The American Enterprise Institute and Center for Strategic and International Studies have reported that support for Ukraine also directly strengthens American security by revitalizing our defense production capabilities; over 60% ($67 billion) of Ukraine funding has been spent in the U.S., and foreign purchases of U.S. weapons systems are up significantly based on their success on the battlefield. Because of the dangerous threat of increased Russian aggression, if we stop our support to Ukraine now, we will hinder our ability to protect our allies, our national interests, and our own citizens.

Vladimir Putin will not be satisfied with a peace deal ceding him some Ukrainian land, as some have recommended. He gloated over the decline in support for Ukraine during his recent year-end press conference and reiterated that his goals for the “special military operation” remain the same: “the denazification of Ukraine, its demilitarization, its neutral status” — euphemisms for the end of Ukrainian independence and the subjugation of the Ukrainian people to Moscow.

Abruptly ending support for Ukraine means wasting the courageous fight led by Ukraine, the U.S., and our allies, and ignoring the lessons of history and two world wars. As President Ronald Reagan observed: “We’ve learned that isolationism never was and never will be an acceptable response to tyrannical governments with an expansionist intent.”

Babushka Olga was born during WWII, spent most of her life under Soviet tyranny, and does not want to be ruled by Moscow again. She rightly worries for her community and her family members if continued funding for Ukraine is blocked.
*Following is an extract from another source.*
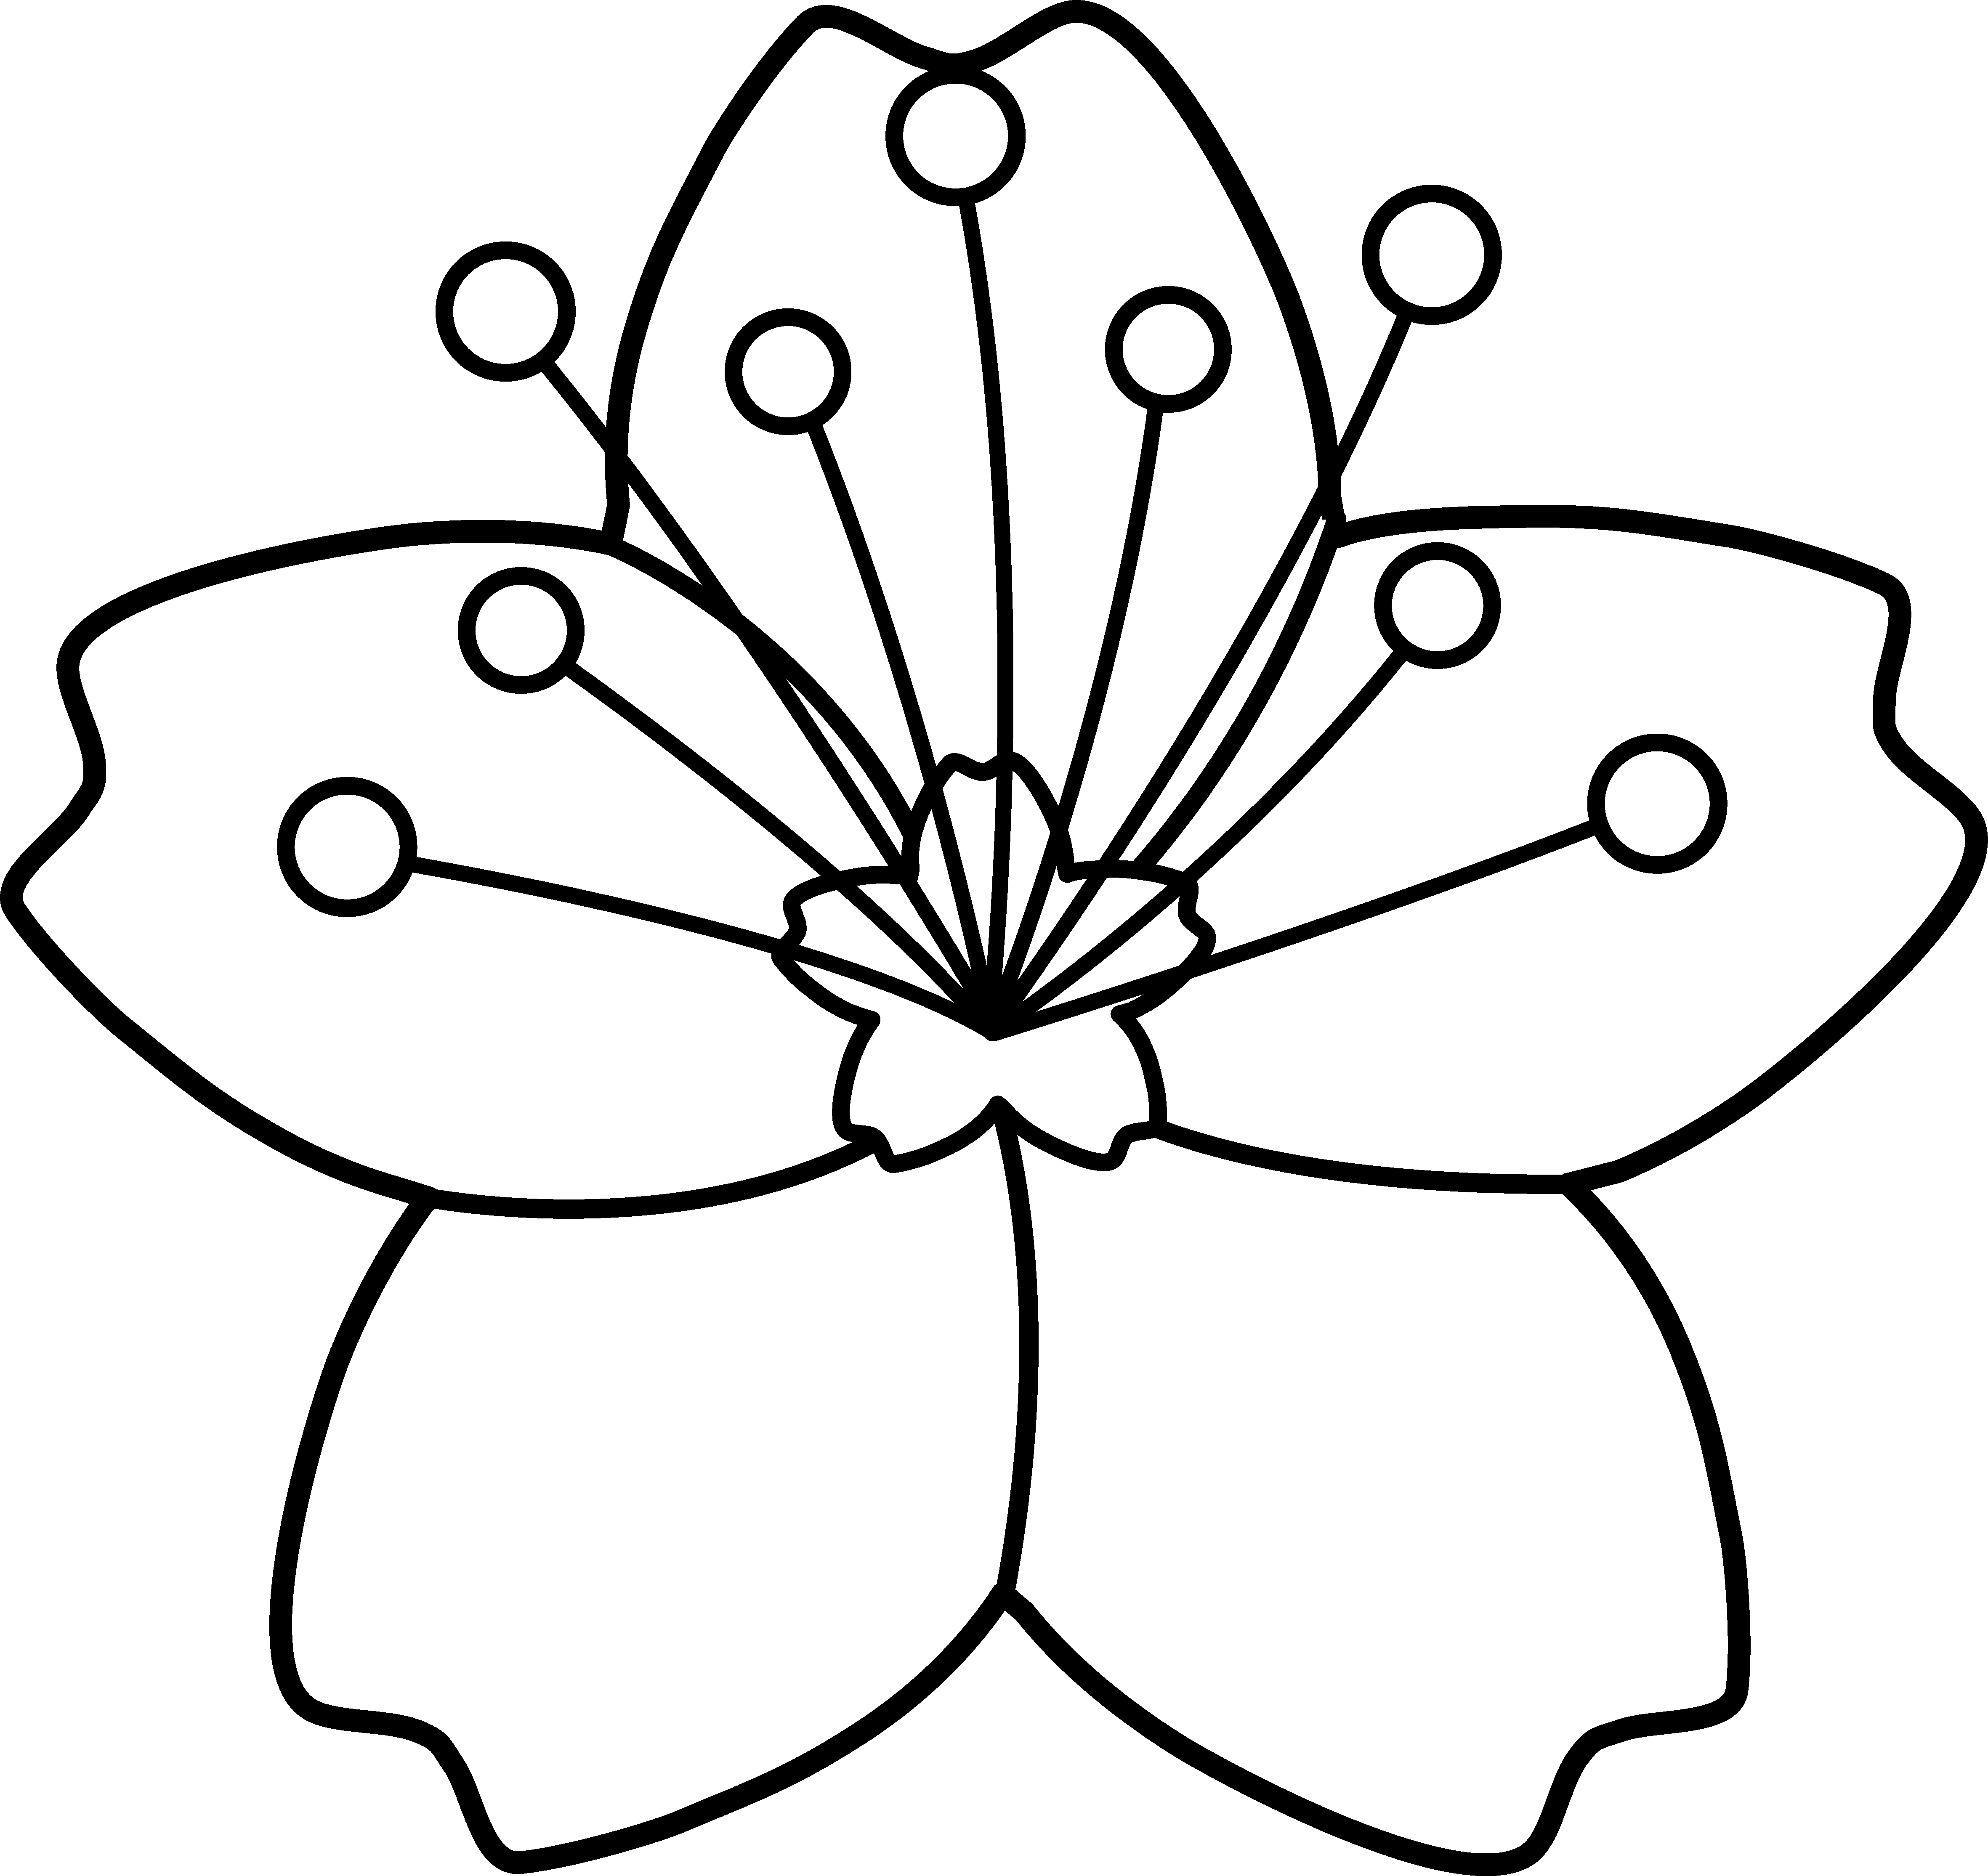 Simple Flower Outline - Cliparts.co

The United Nations has documented rape, torture, murder, and abduction of elderly people, children, and other Ukrainian civilians committed in areas controlled by Russian soldiers.

Neither does Olga wish to leave her country and become a refugee. She says that life is hard now, but that she was born in hard times, has lived in hard times before, and is willing to persist in hard times for Ukraine to be free.

Her words echo those Thomas Paine wrote at one of the darkest points of America’s struggle for freedom: “Tyranny, like hell, is not easily conquered; yet we have this consolation with us, that the harder the conflict, the more glorious the triumph.”

Yet the sacrifices Olga and her fellow Ukrainian citizens are willing to keep making for their homeland — and consequently for our security and freedoms, too — will mean nothing if Congress refuses to back them now, not just with prayer but with continued material support.

Bard Luippold is a product manager based in Tacoma, Washington.